Even then, I was still taking care of everything. I told myself his salary was small, and I brushed it aside. Life continued. I handled the bills, the rent, our food, our child’s needs. Everything.

In 2024, life went south. I was preparing to go back to school and got transferred to another region for work. But I couldn’t go. My dad fell ill. My child was just over a year old and still breastfeeding. My dad needed me. So I chose family and left the job.

That was when the nightmare began. I spent everything I had saved on the house and my dad’s health. I hoped the medicines and care would breathe life back into him. They didn’t. He died. He died, and I was left with nothing but a father to bury and a pile of debts. My husband watched me drown. He watched me feed him. He watched me sweat to pay the bills. When I say this man does not raise a finger, I am not exaggerating. It is not a lie. He wears the crown as head of house, while I wear the responsibility.

Then he changed jobs, to one that paid better.

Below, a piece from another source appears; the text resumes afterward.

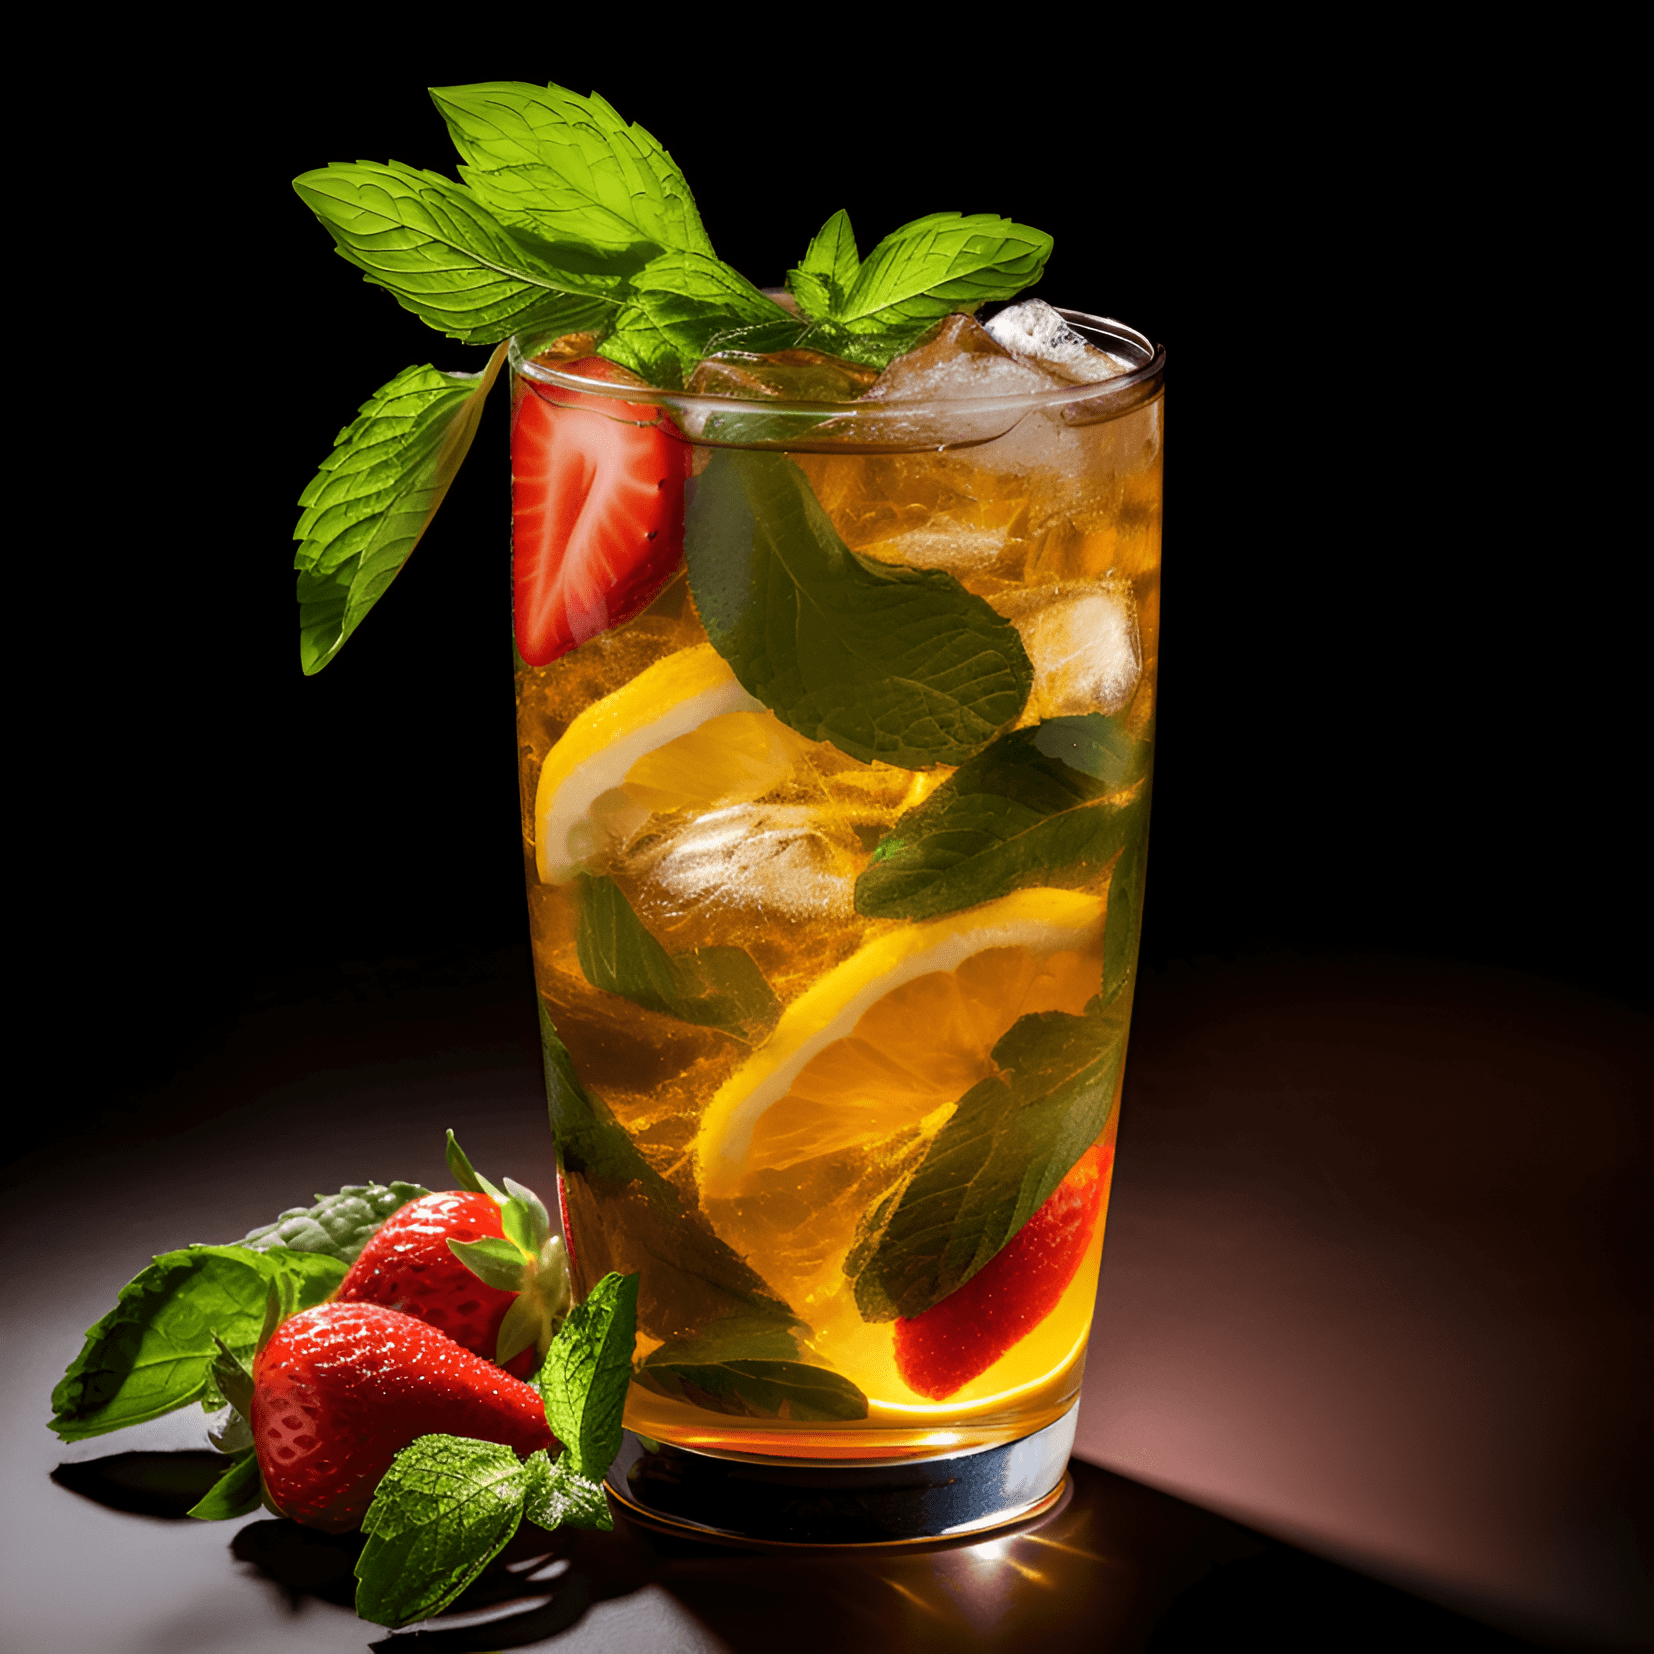 Pimm's Cup Cocktail Recipe - The Pimm's Cup is a refreshing, fruity, and slightly sweet cocktail with a hint of bitterness from the Pimm's No. 1. It has a light and crisp taste, perfect for warm summer days.

I thought things would finally become okay, that he would help. But still, when our child needed to start school, it was me who found the money for daycare and admission. He began sending 1,500 cedis a month. Our rent is 500 cedis. Our child’s school fees are 800 cedis. That 1,500 cedis was supposed to cover all of it. It did. I still fed the house. I paid utilities from it. I did not complain.

My problem is he has no foresight. He is just comfortable with whatever he has. Now he is back home. The job is gone. He is home, doing nothing. I am also home, struggling to wear the pants as head of the family. Sometimes I go to the market and help people shop for foodstuffs just to earn something to bring home. I call friends for small, small supports. My mom, a widow, is also struggling, and I have her to think about.

My husband just wakes up, borrows phone credit, scrolls through TikTok and Facebook. When he’s tired, he sleeps. He snores in my face. Whenever I think about what we will eat or what our child will wear, I am tired. I am exhausted. I am tired.

I have discussed business ideas we could try. He brushes them aside. He doesn’t even take interest in the conversation.

Even at my dad’s funeral, I had nothing. I had to borrow money from a friend. My husband did not give me one cedi to support. Not one. Even the rituals from his side, he did them half half. When I tried to pay back the 5,000 cedis I borrowed, the man added 2,000 cedis interest for two months. I struggled. I cried. Eventually, I sold my car to settle that debt and to pay the electricity bill that was due for a year, and others.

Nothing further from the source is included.